**Exercise goal**
From the line with "Orlando Wedding |" down to the final line of the material, please transcribe everything exactly, but leave the pictures out.

**Recorded information**
-------------------------
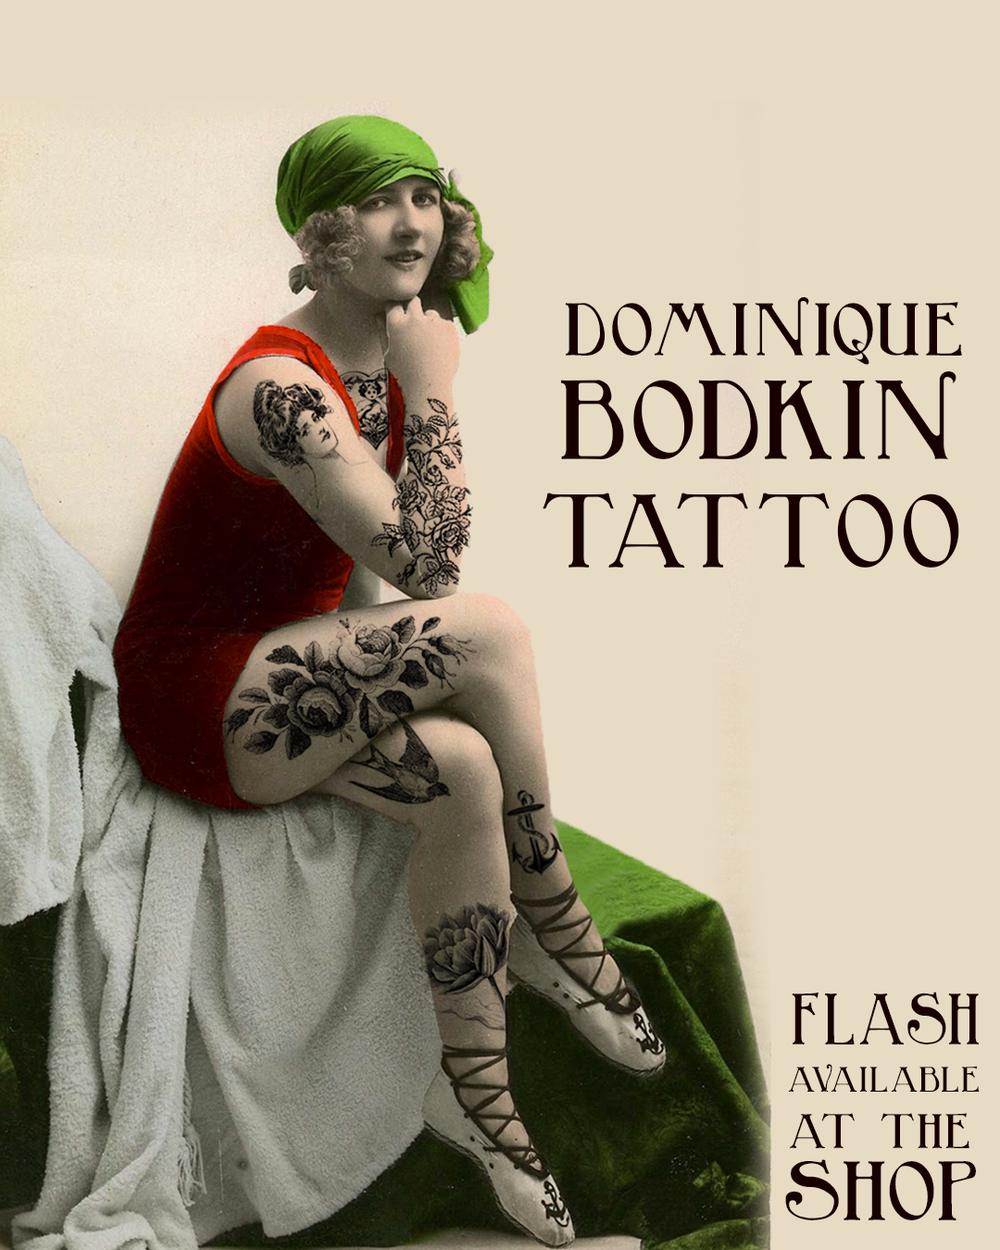 Publicité pour Bodkin, 2018
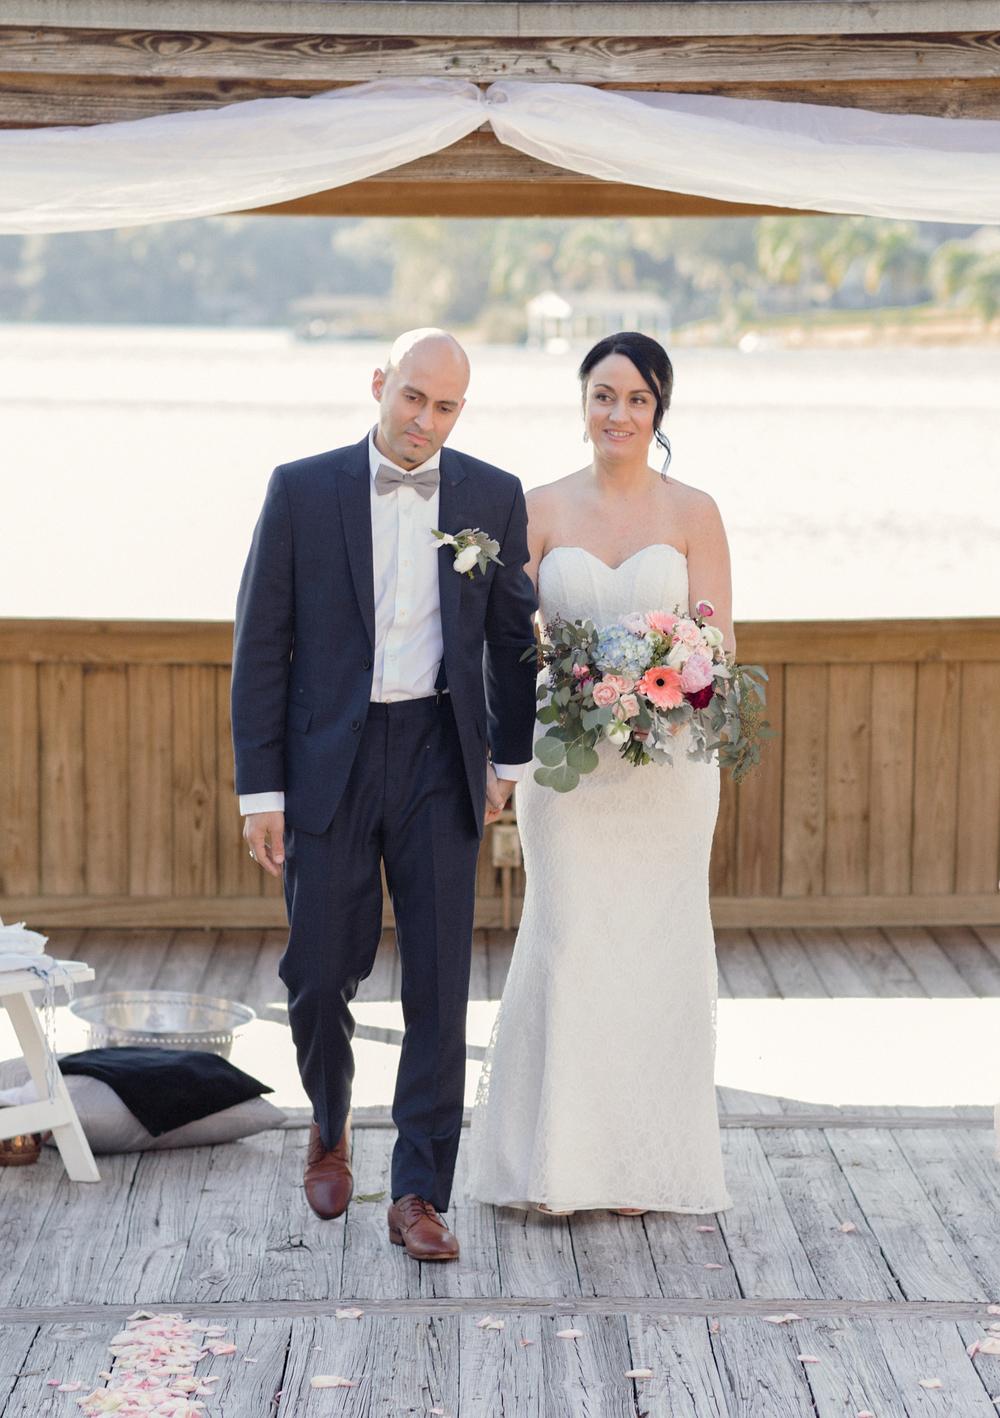 Orlando Wedding | Vanessa Boy |VANESSABOY.COM-302.com final set .jpg
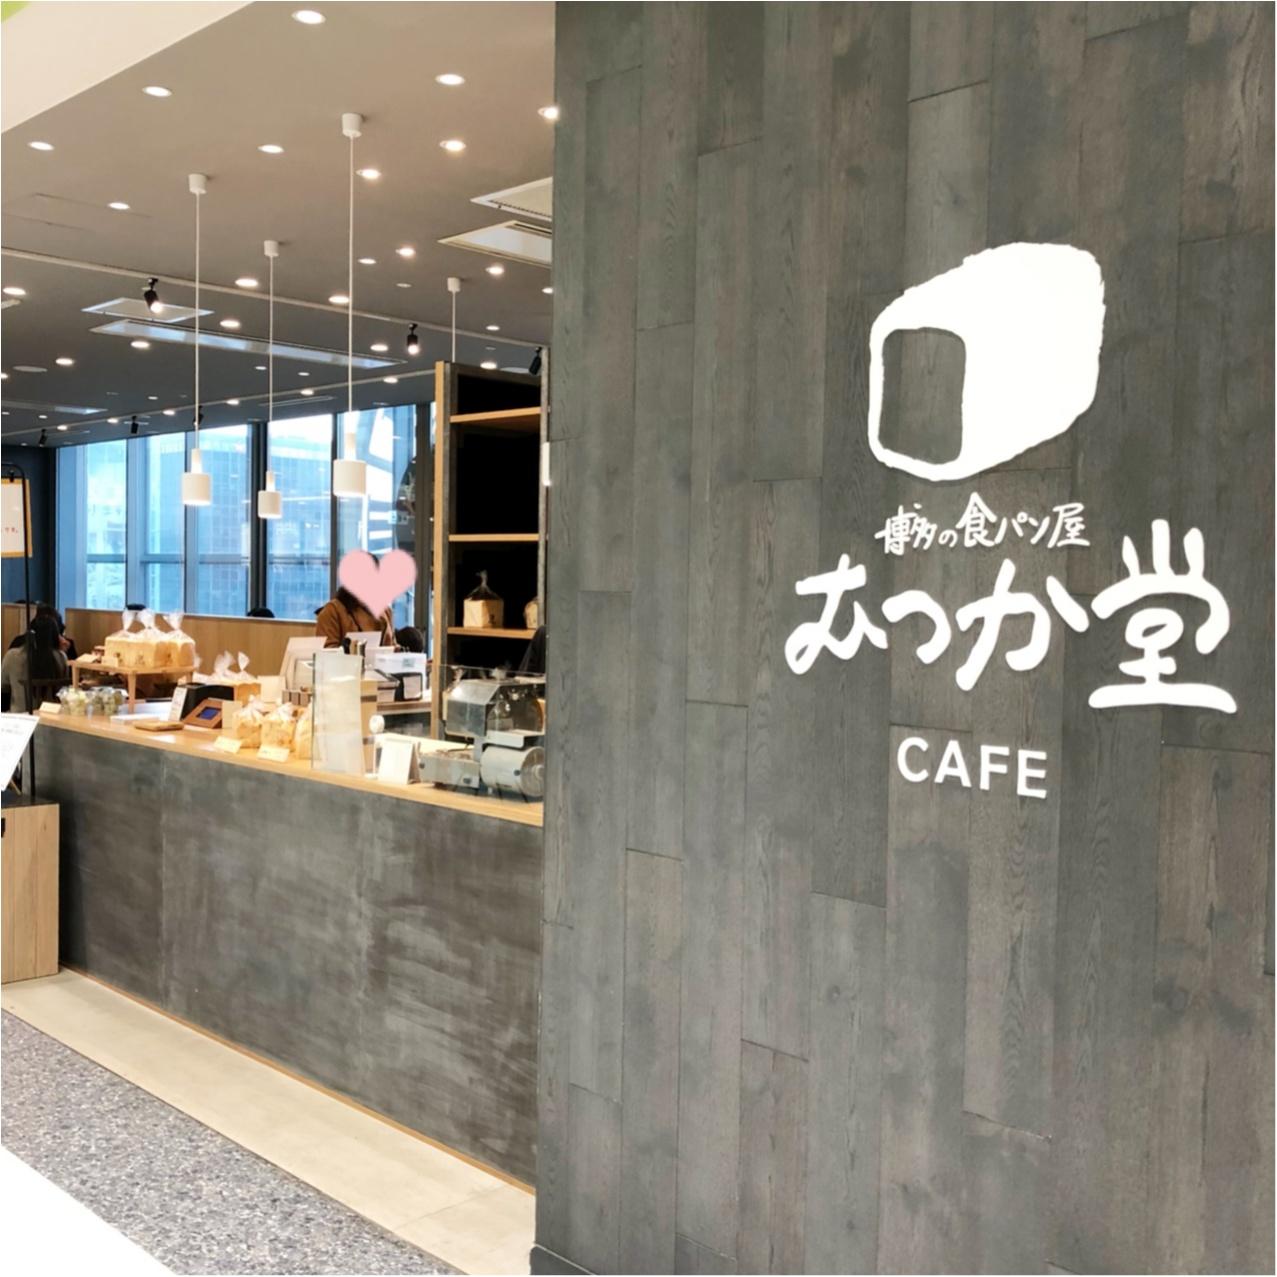 博多の食パン専門店『 むつか堂カフェ  』のフルーツミックスサンドがふわふわ甘くて美味しい♡♡_1
-------------------------
**Written answer**
 Orlando Wedding | Vanessa Boy |VANESSABOY.COM-302.com final set .jpg
 博多の食パン専門店『 むつか堂カフェ  』のフルーツミックスサンドがふわふわ甘くて美味しい♡♡_1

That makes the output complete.